The Alabama-China Partnership, established in 2011 to promote ties between China and the US, wrapped up a two-day investment seminar in Monroeville, Alabama, on Sept 27. Provided to China Daily

As part of their exploration of the US investment landscape, 150 or so Chinese business leaders gathered for a two-day conference in tiny Monroeville, Alabama.

The Sept 26-27 Alabama-China Partnership symposium offered the owners of small and medium-size Chinese enterprises a chance to learn about the United States and Monroeville's business climate.

Addressing Chinese guests at the symposium, US Senator Jeff Sessions, an Alabama Republican, said he welcomed investment from their country. China's prosperity is important to the US and the world, he added.

As more Chinese companies go global, many states have been vying to attract Chinese capital in hopes of creating jobs, even as the US economic recovery putters along and nationwide unemployment remains an unusually high 8.1 percent.

In Alabama, joblessness rose for four straight months through August and is now above the US average at 8.5 percent.

The nonprofit, public-private Alabama-China Partnership was set up in 2011 to promote diplomatic and trade ties between China and the United States, particularly the Southern state. Since its formation, the partnership has conducted many trade missions, seminars, media tours and, in March, a spring symposium after which the just-ended fall version was modeled.

"Most of Chinese investors get to know the United States by visiting its big coastal cities. However, international investment in North America over the past 20 years has increasingly focused on small and moderate-size communities in the Southeast," said Raymond Cheng, CEO of the partnership and of SoZo Group, a consulting firm based in Hong Kong.

He finds that the 14-state region offers "many opportunities", especially for foreign manufacturers considering expansion into the US market.

In addition to being competitive in the cost of doing business and boasting low taxes, Southern states offer companies' "right to work" laws that allow companies to hire and fire without the influence of labor unions, Cheng said.

Some states provide tax breaks to encourage high-quality foreign investment. Alabama, for example, provides a tax credit that can be transferred and thus offset an investing company's cost incurred from the imposition of anti-dumping tariffs by the US government.

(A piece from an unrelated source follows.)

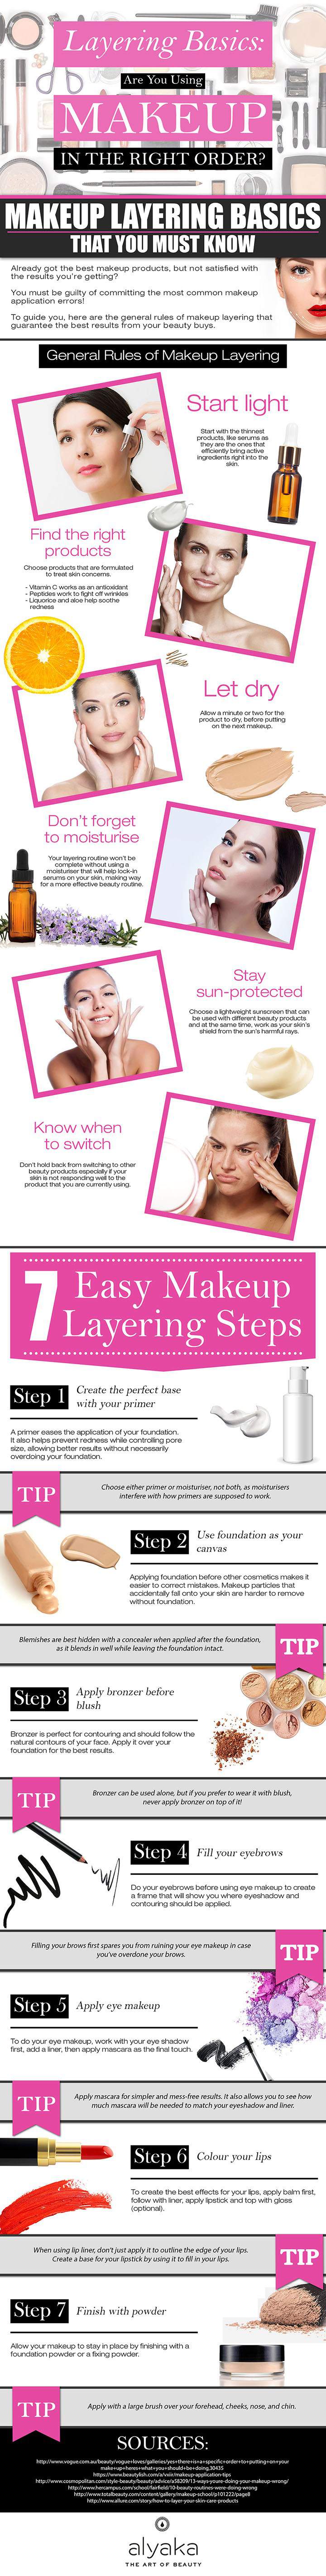 Makeup Layering Basics - Infographic Portal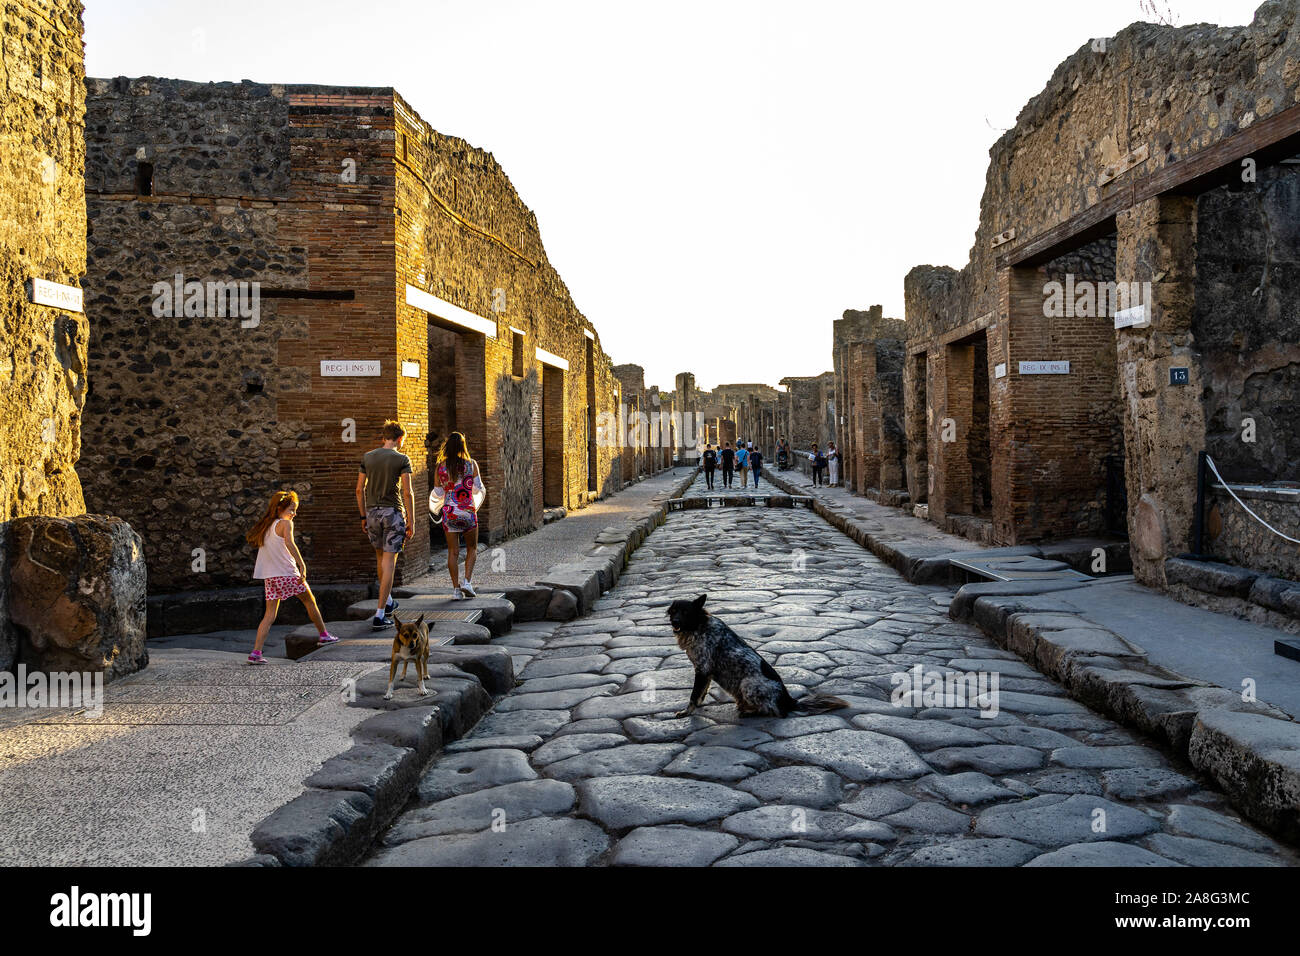 Les chiens et les visiteurs à Pompéi Via dell'Abbondanza, l'une des principales rues de pierre pavée l'ancienne ville romaine. Pompéi, Italie, Octobre 2019 Banque D'Images

Last March, Golden Dragon Copper Tube Co announced plans to build a $100 million tube-making plant in Thomasville, Alabama, in what will be the biggest Chinese investments in the state. The project is expected to employ as many as 500 people eventually.

Other speakers at last week's symposium included Ken Davies, former Hong Kong bureau chief for the Economist Intelligence Unit; Consumptionomics author Chandran Nair; and former US diplomat Nicholas Platt, who served as president of the Asia Society in New York.

According to the US-China Business Council, China is Alabama's No 2 foreign market, eclipsed only by Canada. Between 2000 and 2011, the state saw growth in exports to China of 1,342 percent while its goods sold to the rest of the world increased by 118 percent. Alabama's main exports to China are transportation equipment, chemicals, crops, waste and scrap, and paper products.